Given this was a final project, I wanted to capture as many artifacts of my students' interaction with AI as possible. A final product was going to look polished with AI's help, but I wanted to assess how deeply students thought about the instructions they gave to their chatbots and I wanted to see how they questioned those bots as well. To capture as much of this as possible, I provided them with the following template.
General takeaways
What students took from the course
One question I asked my students at the end of the course was whether or not they felt optimistic about AI-use in the future, and I received varying responses here. Some students had their eyes opened to a new future of knowledge work while others still had major concerns about the effect of AI on entry level workers, human creativity, and the environment. But one comment stood out to me: one student was very happy that we were having these conversations now. There are some things that we, as individual users, cannot control regarding the future of AI. But it's so important to have exposure if you want to have an informed opinion. At the end of the course, I think it was clear to my students that using AI is both easier (e.g., the technical skills of making a custom chatbot) and more difficult (e.g., providing chatbots with the best context for the best output) than expected.
What I would change in the future
Initially, I was very hesitant about going through the background information of how LLMs work, but given the many questions about how hallucinations occur, I think it would be a great service to my students to dive into this deeper.
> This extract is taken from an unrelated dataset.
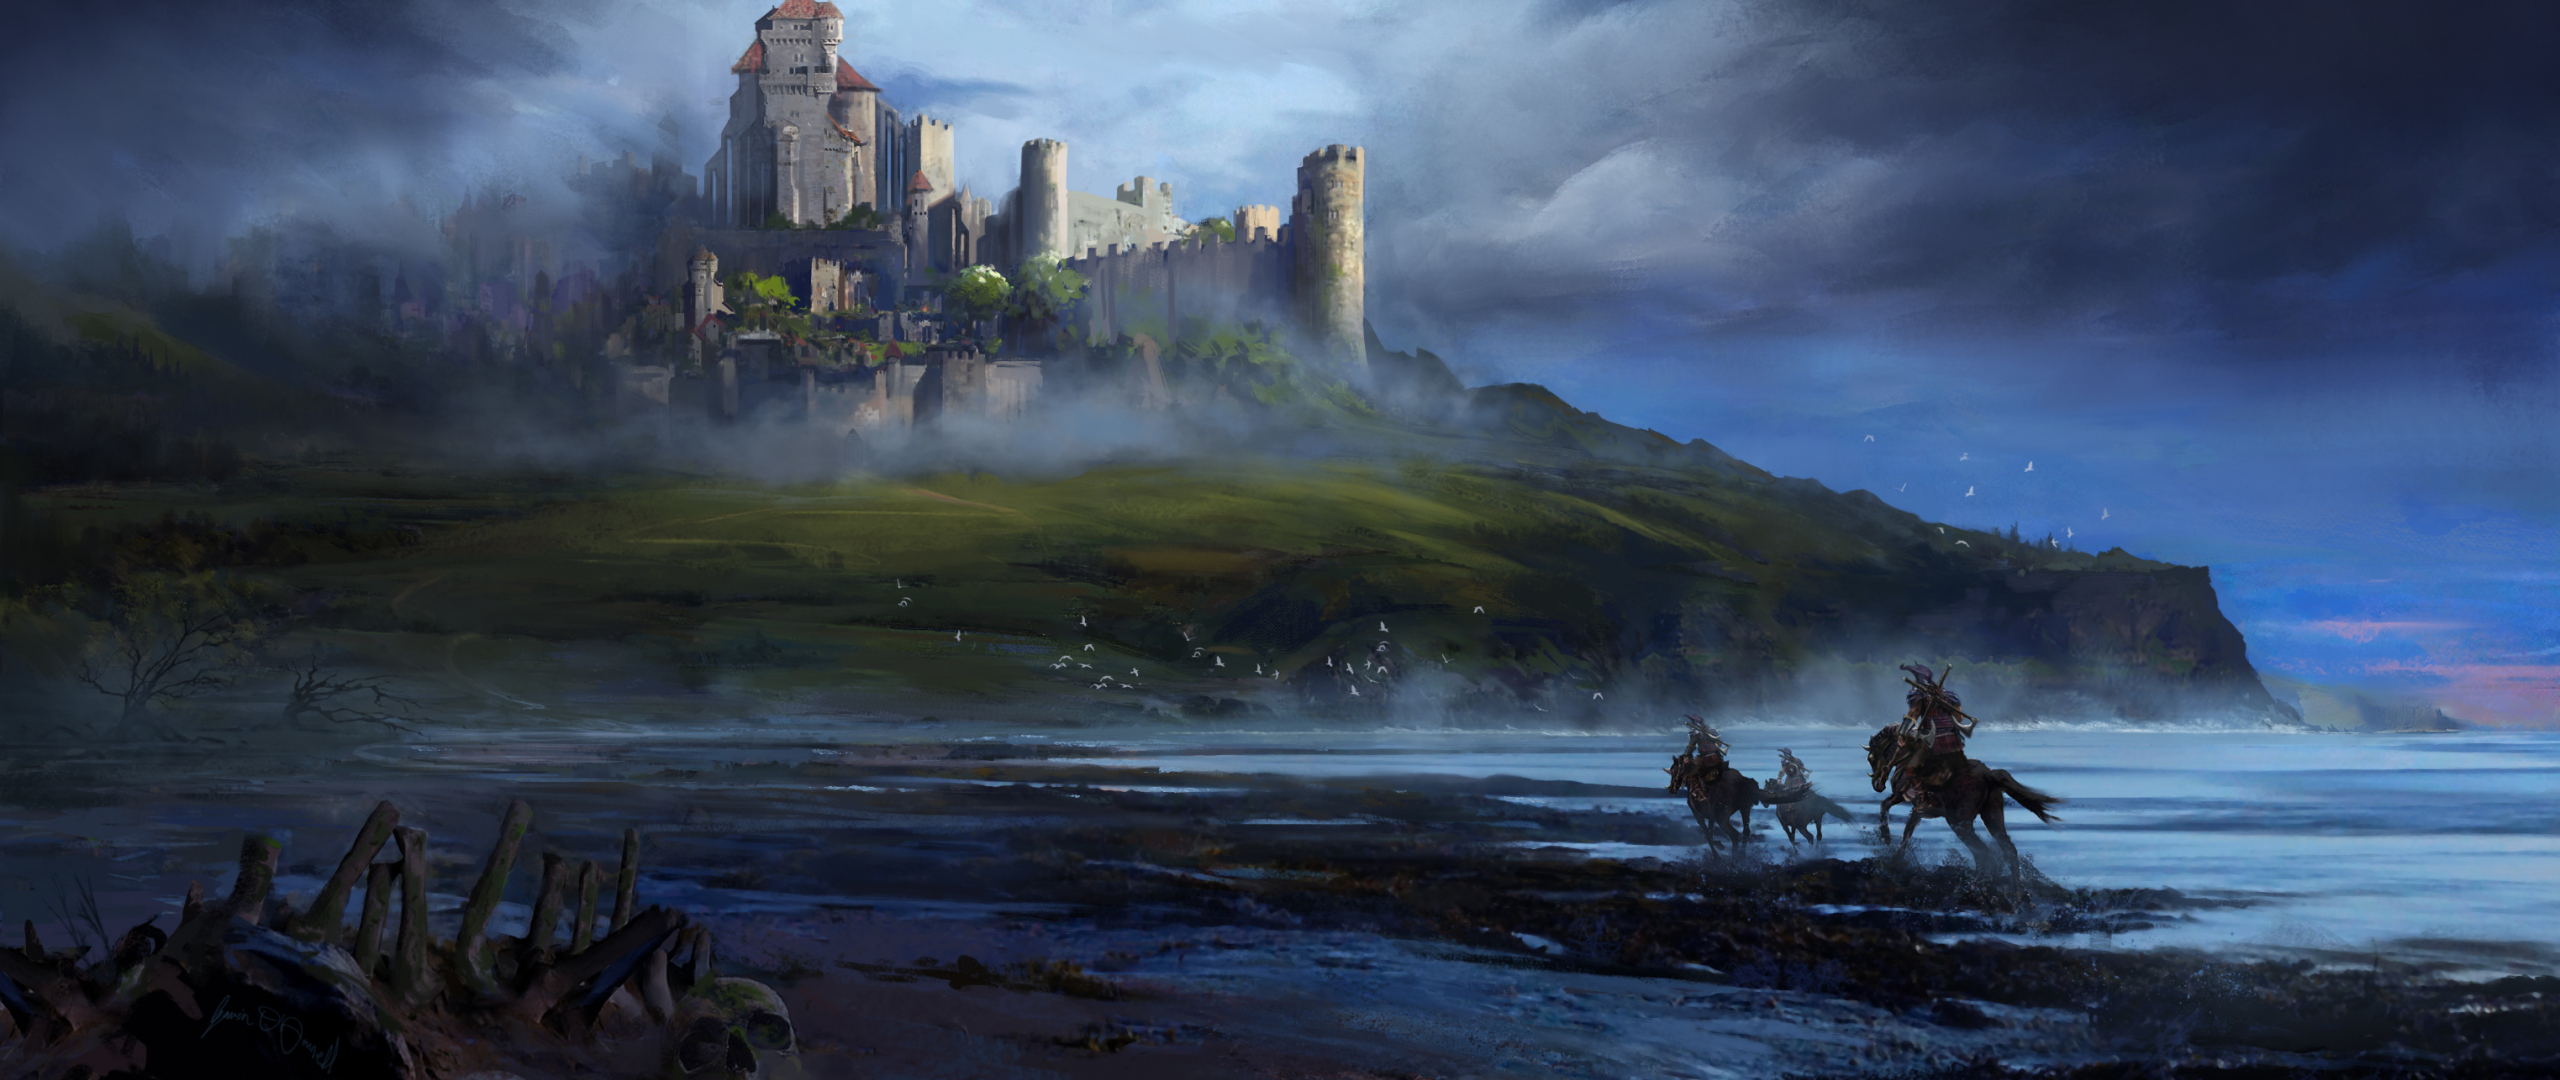 Download 2560x1080 Wallpaper Running To Castle, Warrior, Coast, Fantasy  Art, Dual Wide, Widescreen, 2560x1080 Hd Image, Background, 34353

These students are likely not going to become AI engineers, but many felt unresolved tension surrounding "why AI's lie" and "what does it actually mean to train an LLM." Additionally, many students mentioned that they would have appreciated more time to discuss the dark side of AI. We briefly talked about the environmental impact, but I did not have enough time to get into what we currently know about the ethics of where these data come from (stolen work and underpaid work from third-world countries), how AI has negatively affected work productivity (work slop and falling asleep at the wheel), how AI has negatively affected knowledge workers (AI brain fry), the nation's response to more data centers, etc. There's also so much that has happened recently with AI agents in the past year, that I truly think we've moved from "cool product demos" to "useful tools."
I think the core of this course would stay roughly the same though. My major goal for this whole course was to show my students that there can be a future where humans can work with AI collaboratively. General public sentiment about LLMs currently fall in the AI doomerism camp. And while there many good reasons to be cautious of this technology, I don't think it serves our best interest to be afraid of it. This technology is here, and in the right hands and with the right training, this technology can be very powerful and impactful. My hope is that if we continue to educate ourselves and others about this technology, that power will be distributed among the masses and not concentrated in a handful of big tech companies.